Transcranial magnetic stimulation (TMS) is a non-invasive brain stimulation tool for modulating and mapping cortical function. TMS-based functional mapping methods typically exploit causal relationships between brain structure and function. In earlier work, we demonstrated that cortical sites of the motor area can be precisely localized by relating FEM simulation derived electric field estimates to TMS induced motor evoked potentials (MEPs) in an input-output curve fitting approach using nonlinear regression. A random sequence of on average 180 TMS coil configurations (= coil position and orientation) have proven to provide sufficient variability in their electric field pattern and evoked motor responses to discriminate neuronal populations at the primary motor cortex at single digit level based on their goodness of fit.

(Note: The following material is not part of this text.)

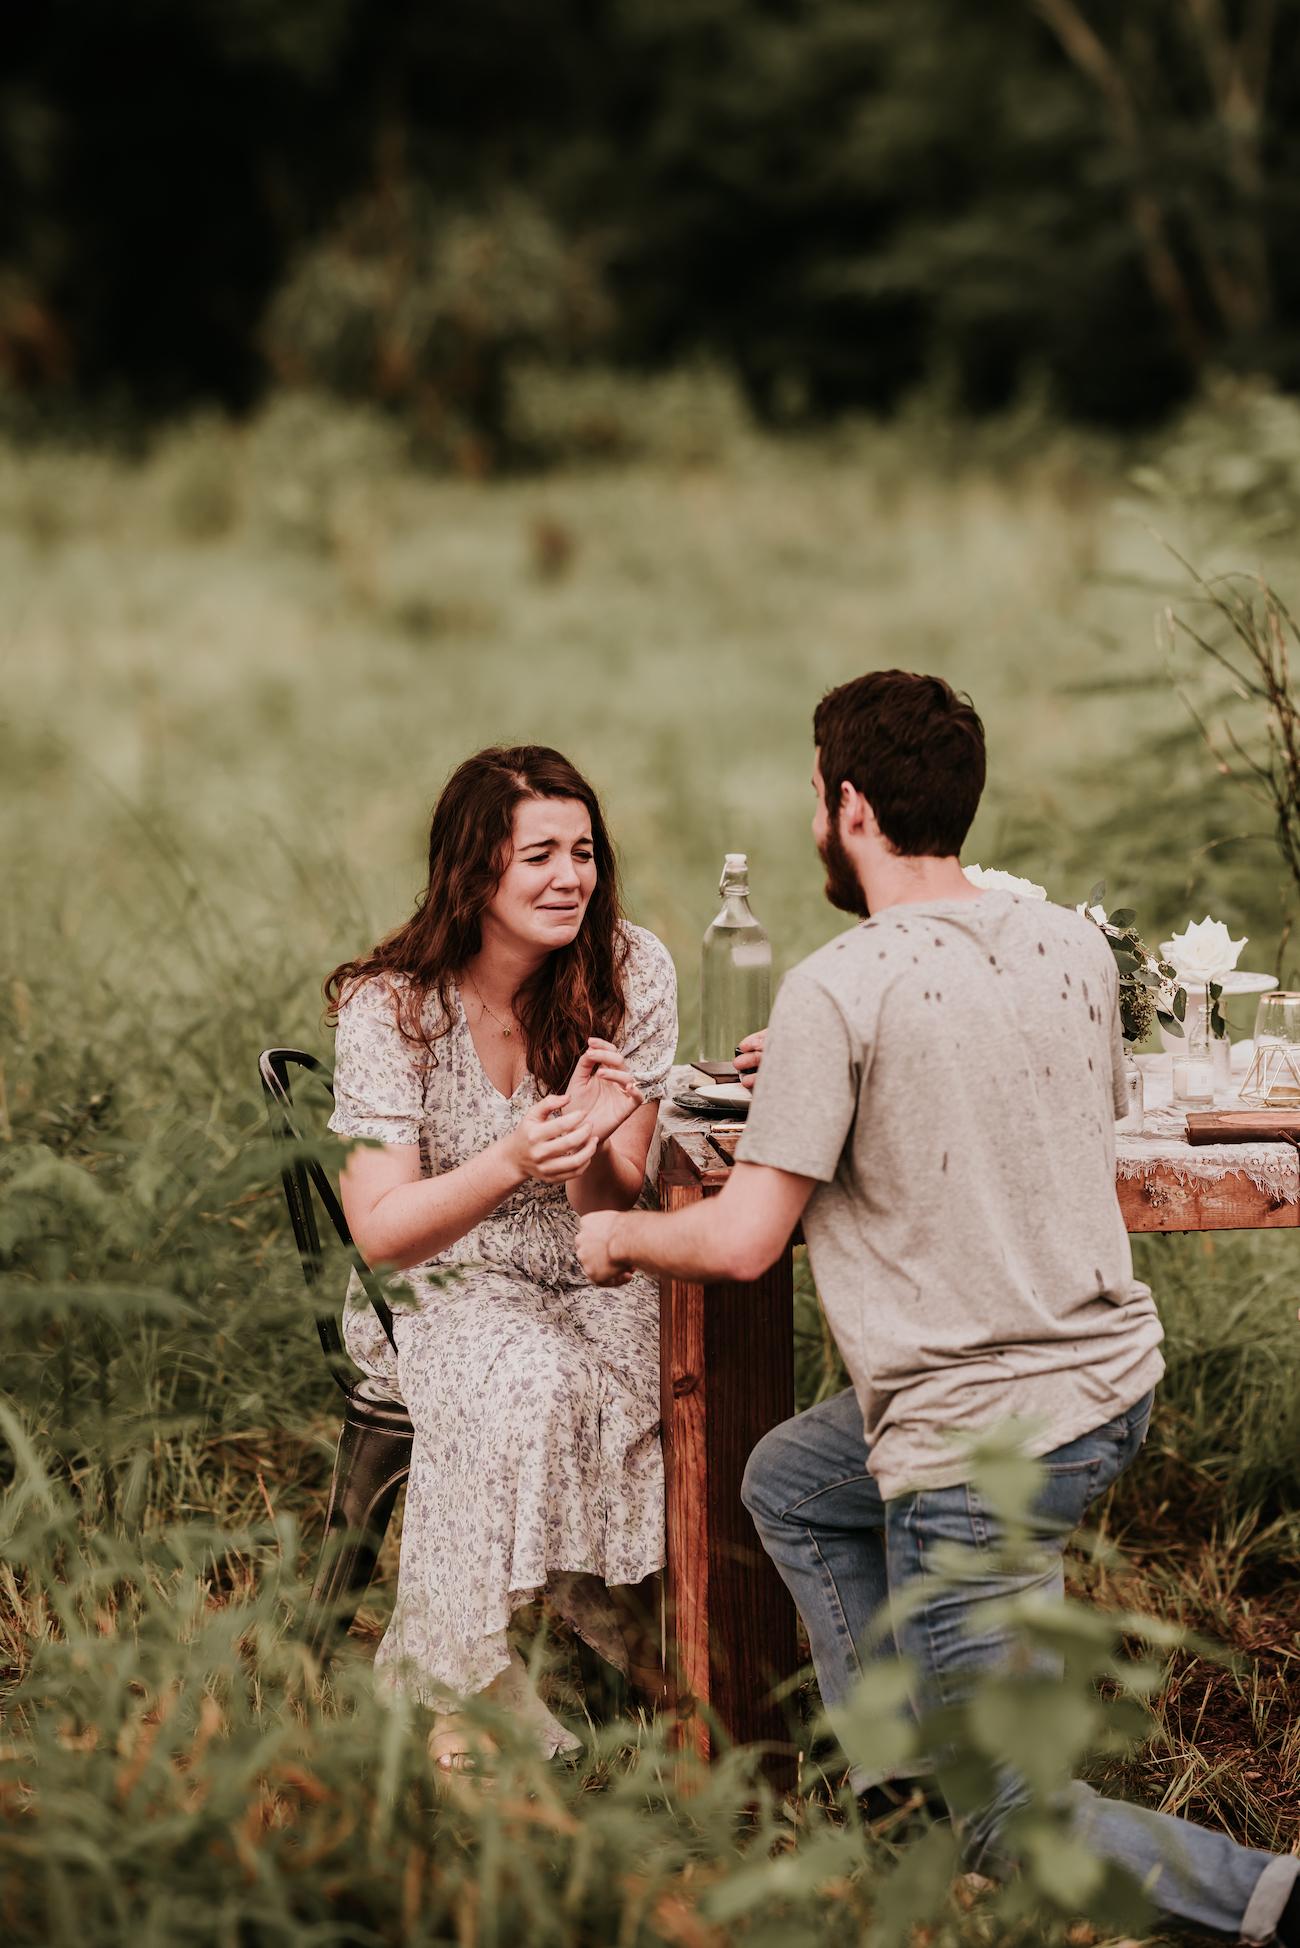 tampa-engagement-proposal-photography-49.jpeg

Here, we propose an optimized robotic TMS mapping method to significantly reduce the number of stimulation samples, improve the mapping result and reduce the time required for the mapping experiment. Starting from a set of random TMS coil configurations, new configurations are determined during the experiment based on two Pareto-weighted criteria: a) the correlation of the induced electric fields is minimized to increase the distinguishability between cortical locations, and b) the information gain of the candidate position is maximized by determining the optimal sample location on the I/O curve using Fisher information matrix optimization informed by real-time MEP feedback.

The presented method was implemented in a robotic TMS system to enable accurate and reliable coil positioning, exactly timed triggering of the TMS pulse, and the online acquisition and analysis of the MEPs.